Return each record word for word, keeping none of its pictures.
== INPUT FOR THIS TASK ==
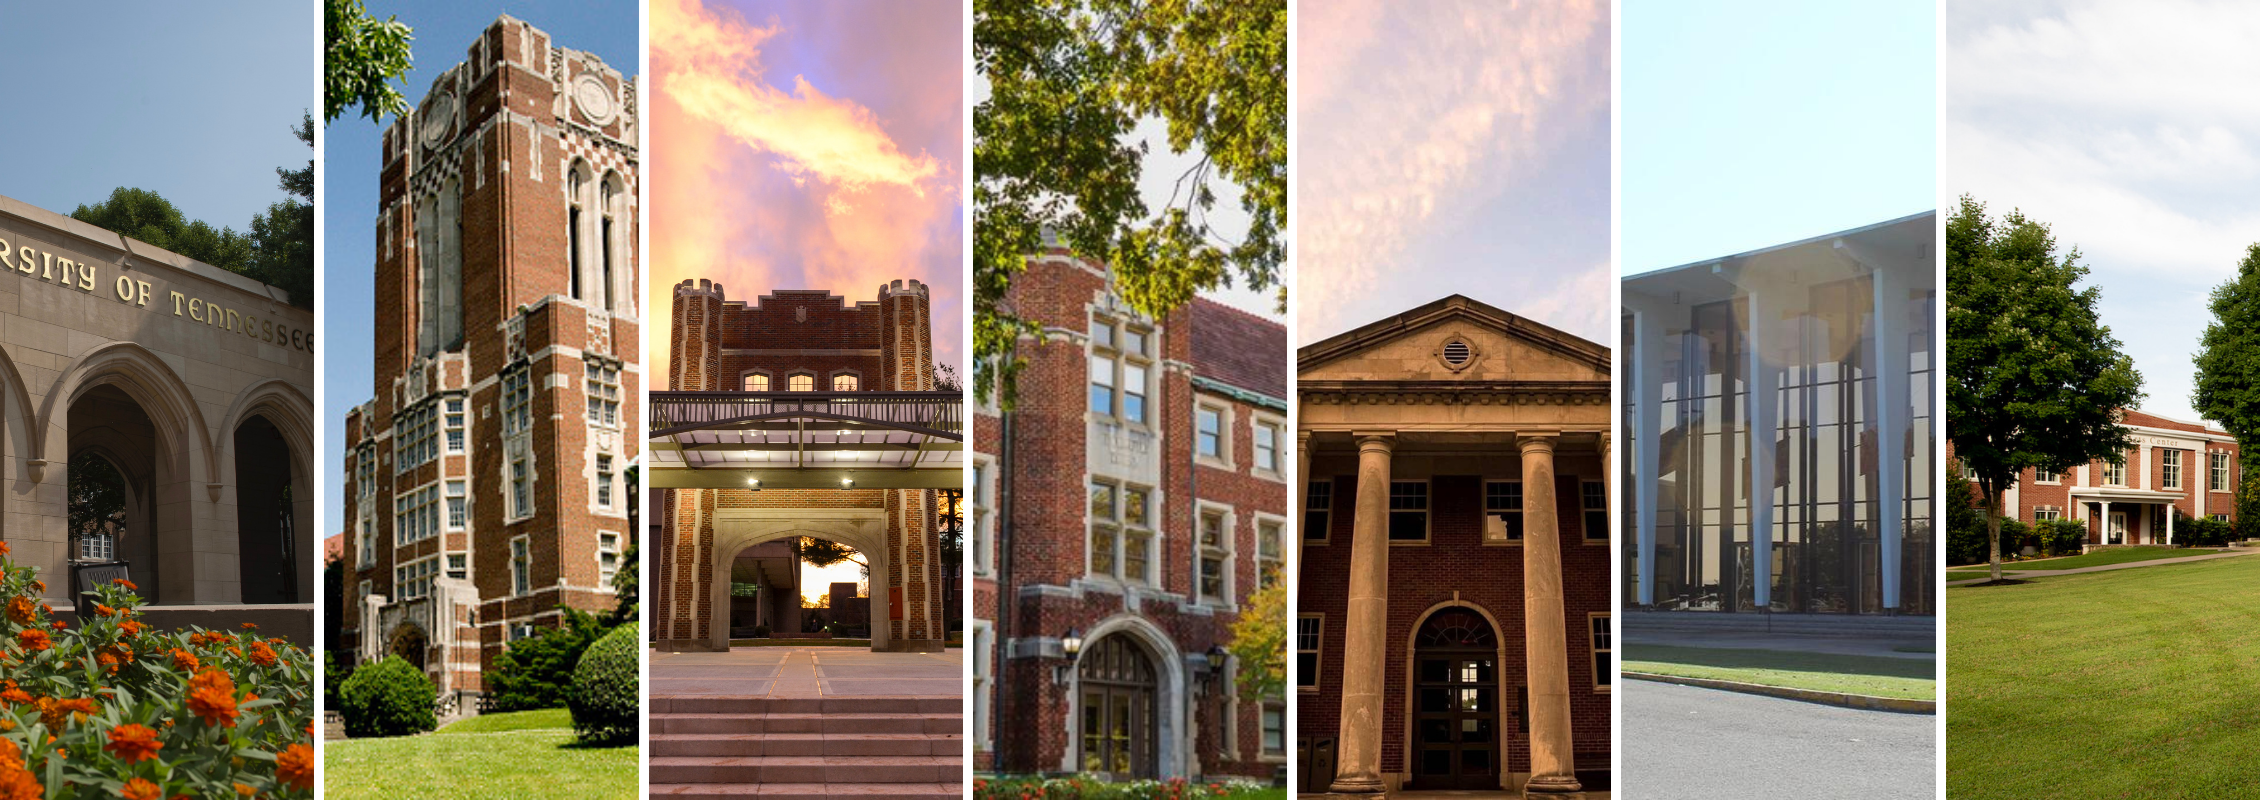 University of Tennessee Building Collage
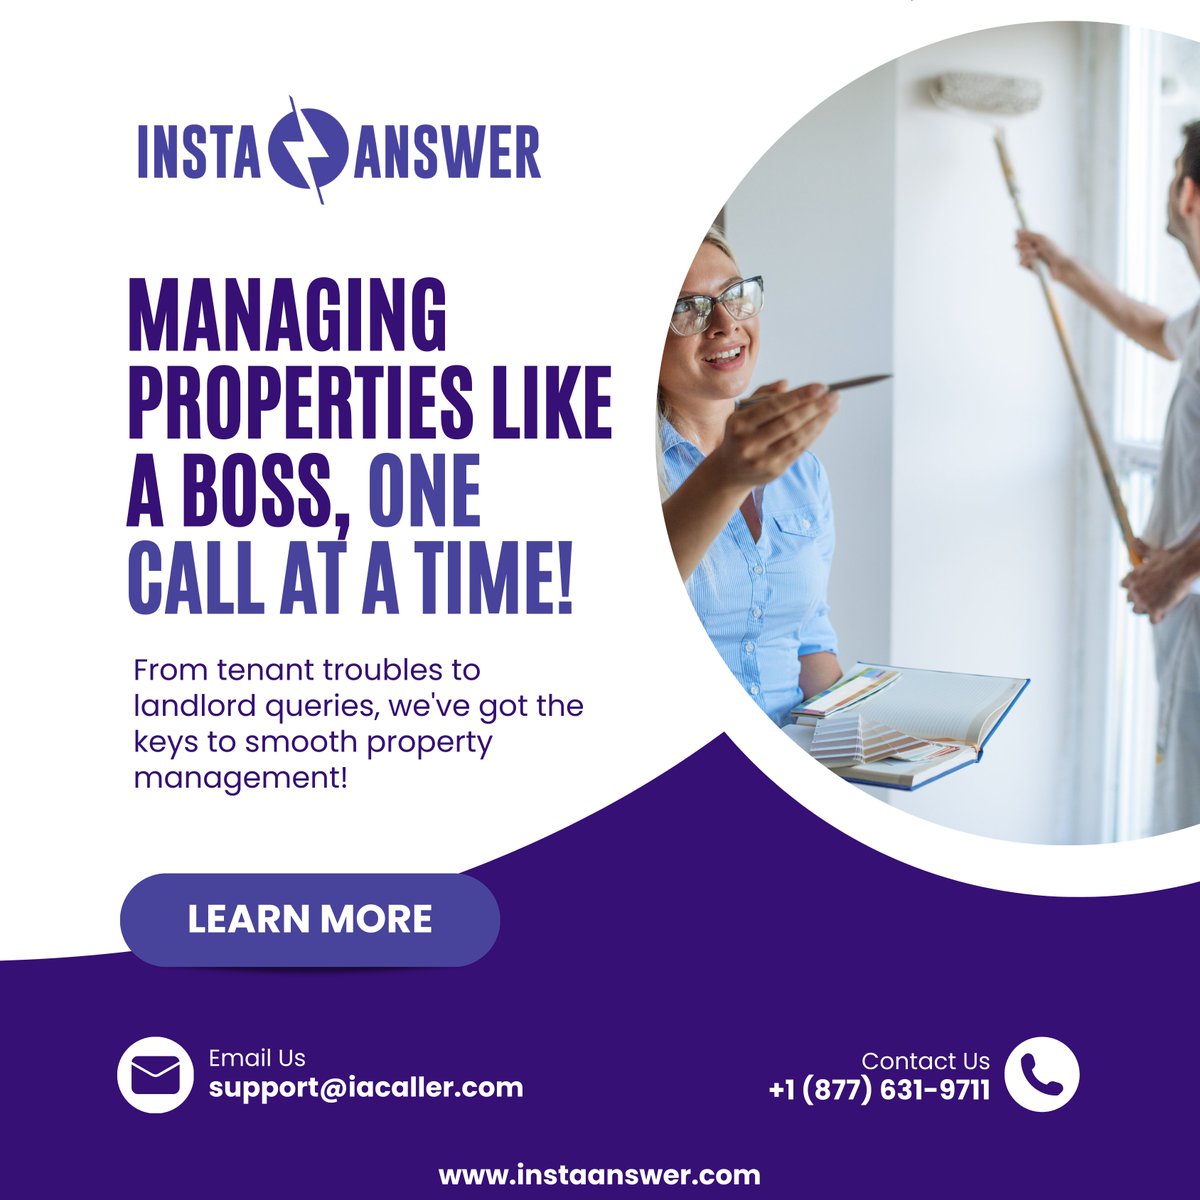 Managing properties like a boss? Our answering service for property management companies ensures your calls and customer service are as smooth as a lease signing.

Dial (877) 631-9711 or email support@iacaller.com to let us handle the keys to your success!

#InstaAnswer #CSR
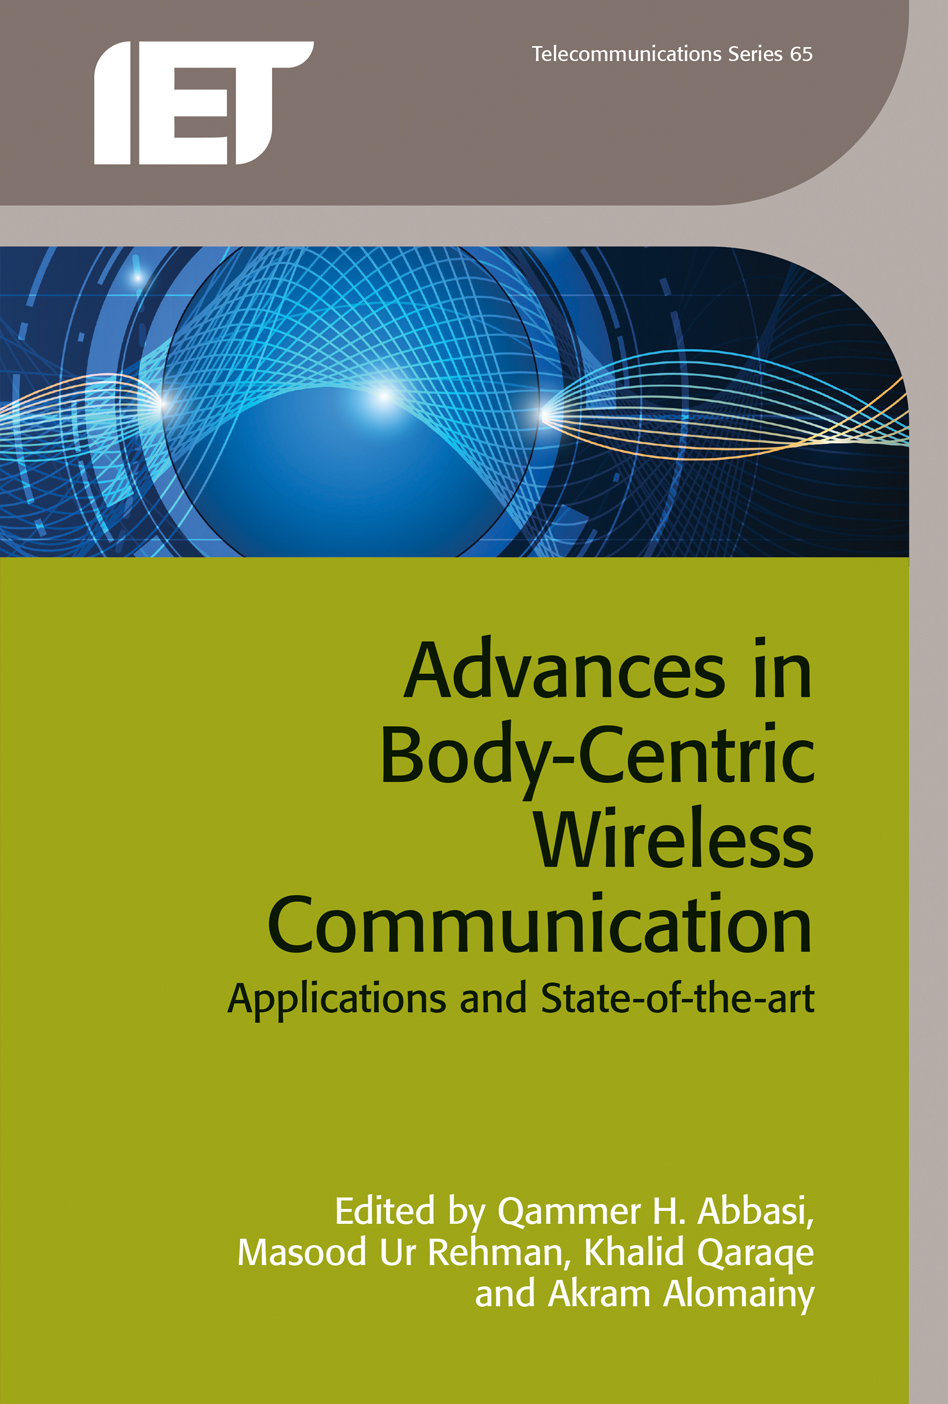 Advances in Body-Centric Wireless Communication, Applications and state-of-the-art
===
SOLUTION FOR THIS TASK>
 University of Tennessee Building Collage
 Managing properties like a boss? Our answering service for property management companies ensures your calls and customer service are as smooth as a lease signing.

Dial (877) 631-9711 or email support@iacaller.com to let us handle the keys to your success!

#InstaAnswer #CSR
 Advances in Body-Centric Wireless Communication, Applications and state-of-the-art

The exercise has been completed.